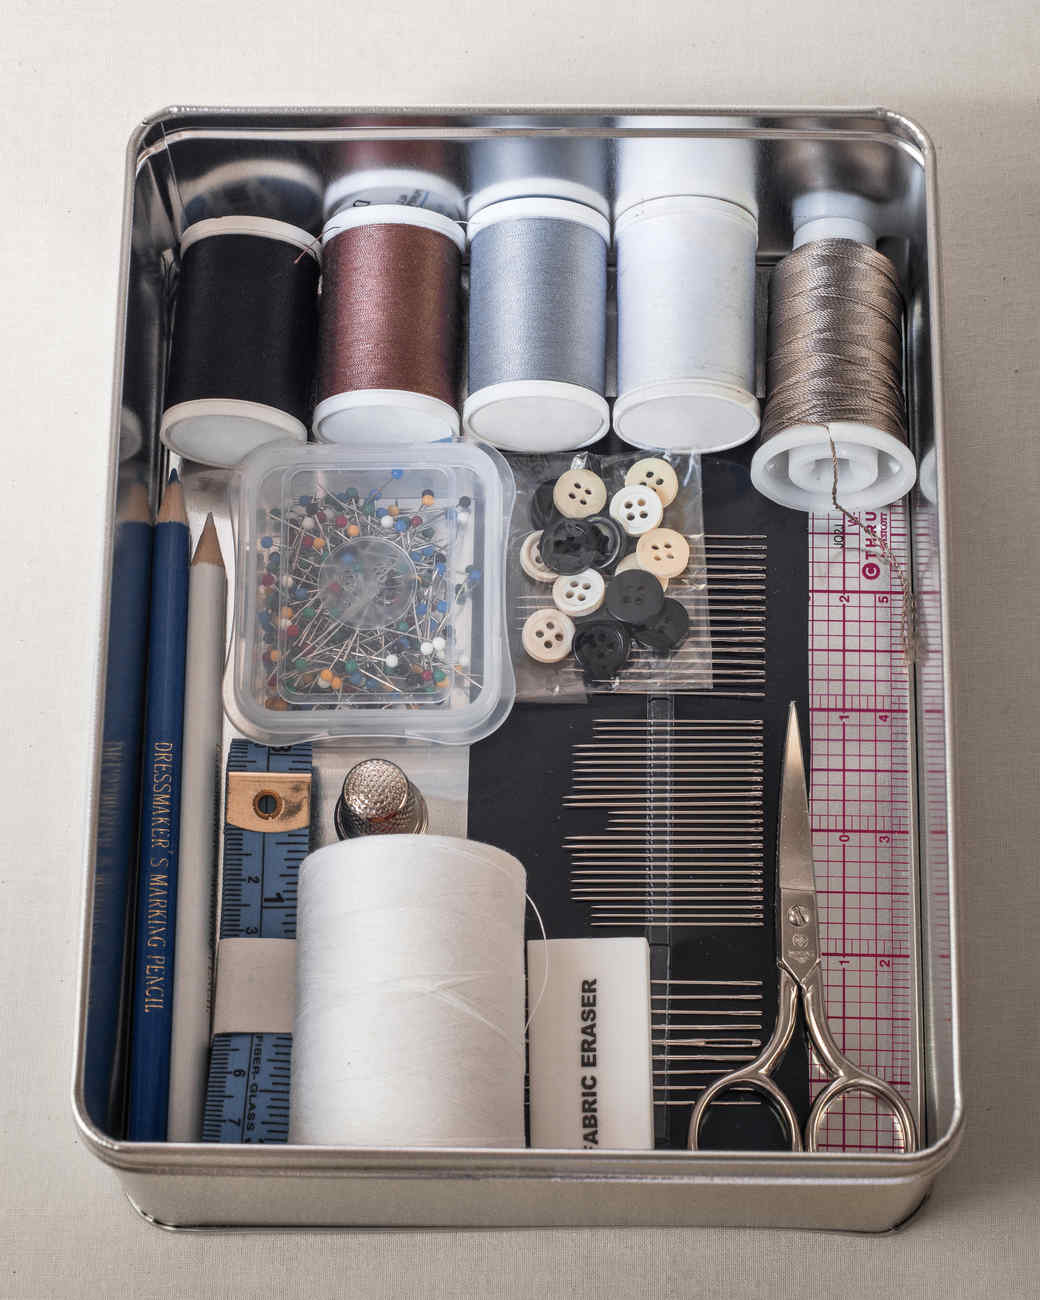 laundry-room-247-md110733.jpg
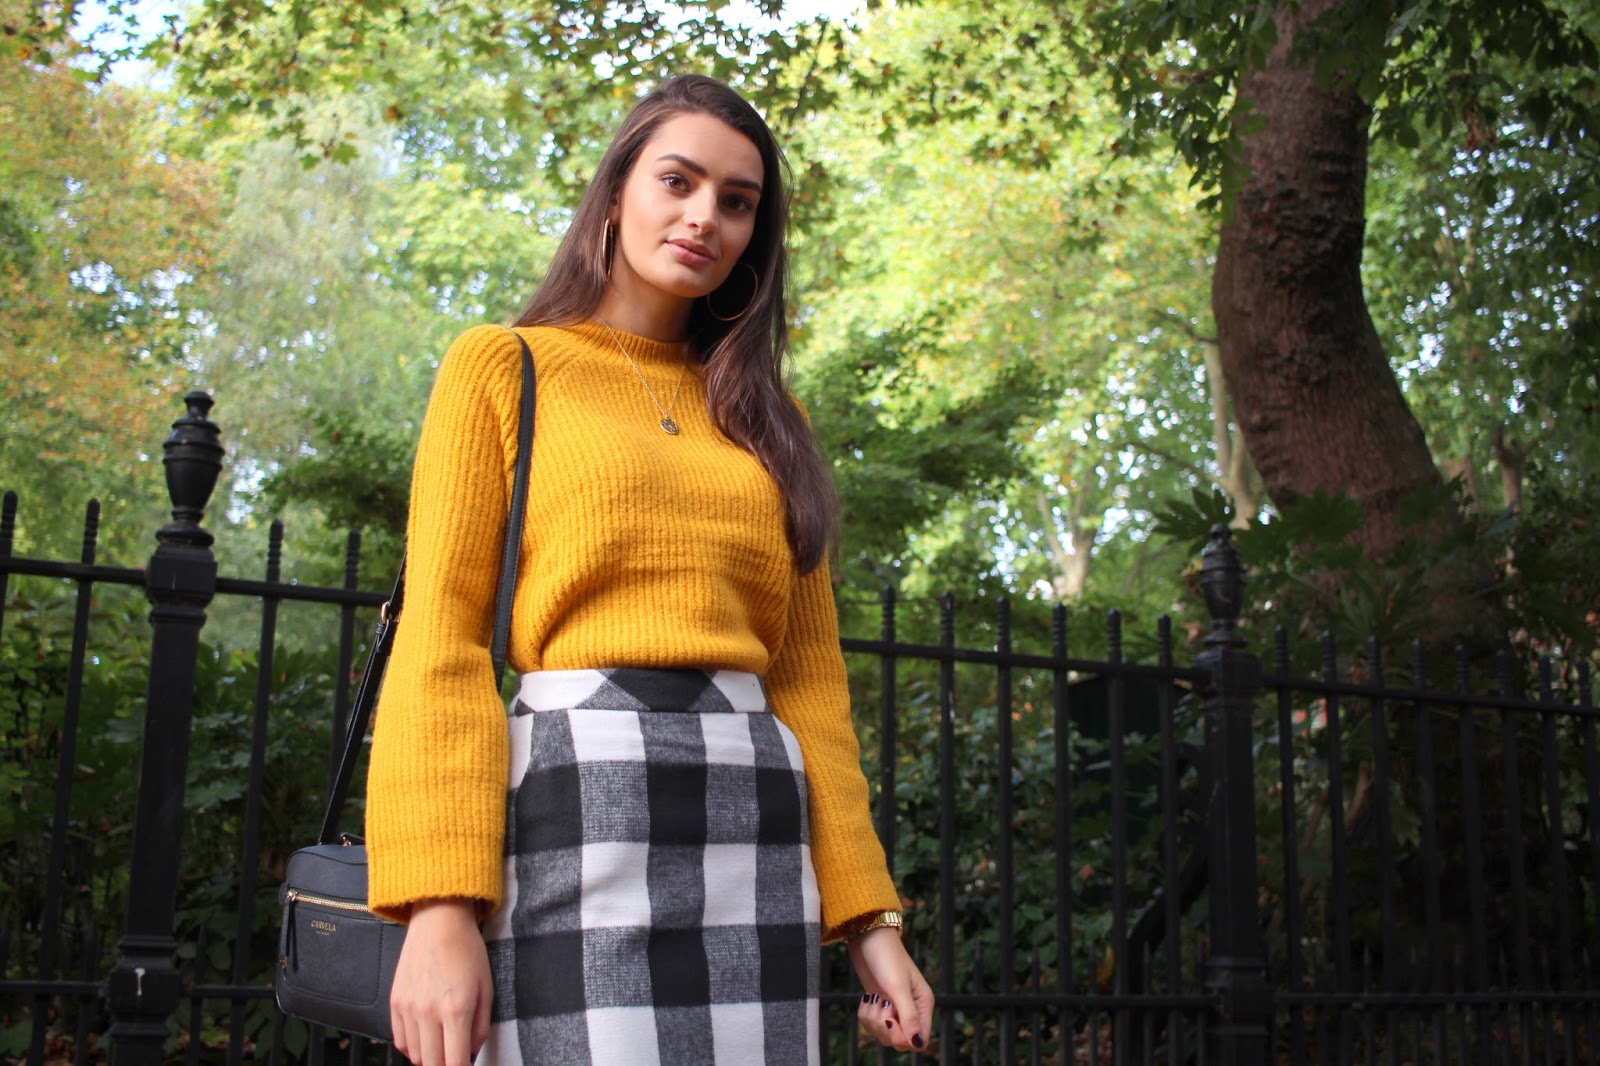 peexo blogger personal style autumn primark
☆ ☆ ☆ ☆ ☆
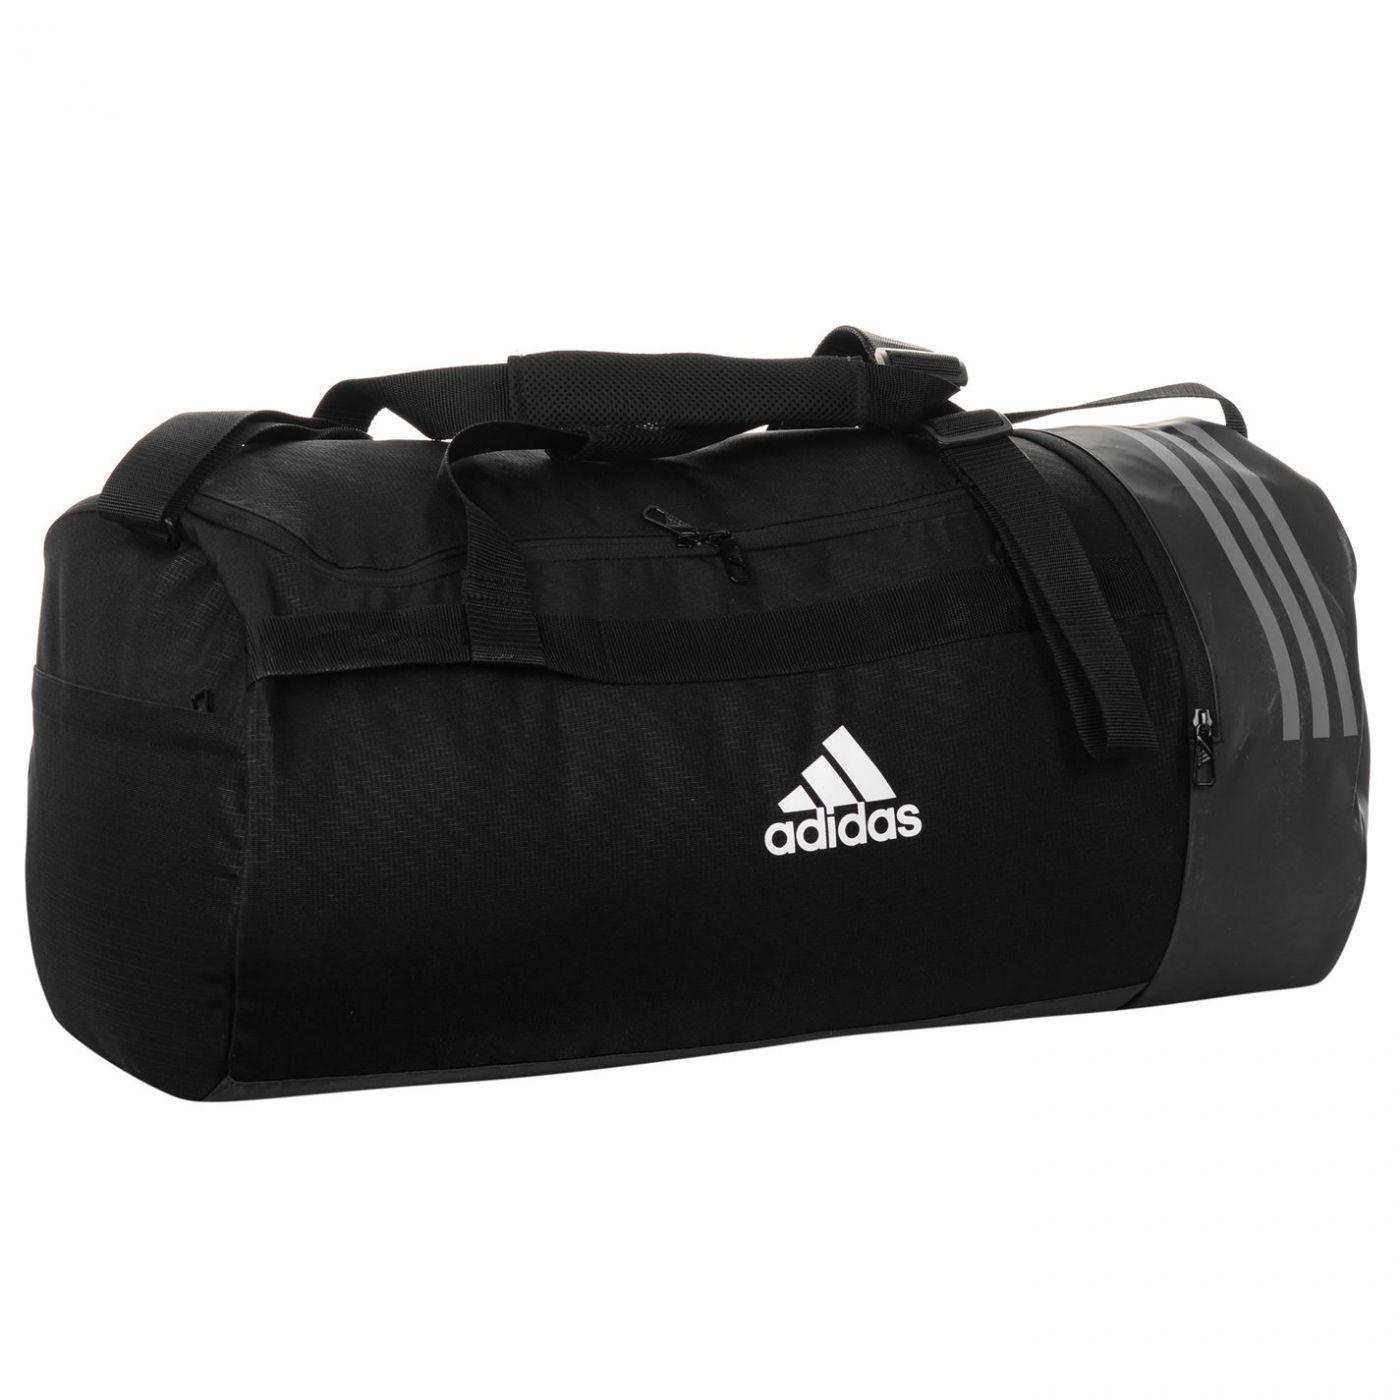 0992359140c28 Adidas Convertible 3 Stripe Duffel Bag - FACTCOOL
☆ ☆ ☆ ☆ ☆
*Exercise prompt*
Take the lines above starting at the one containing "laundry-room-247-md110733.jpg" and ending at the one containing "peexo blogger personal style autumn primark", and print them again exactly, without pictures.

*Result below*
 laundry-room-247-md110733.jpg
 peexo blogger personal style autumn primark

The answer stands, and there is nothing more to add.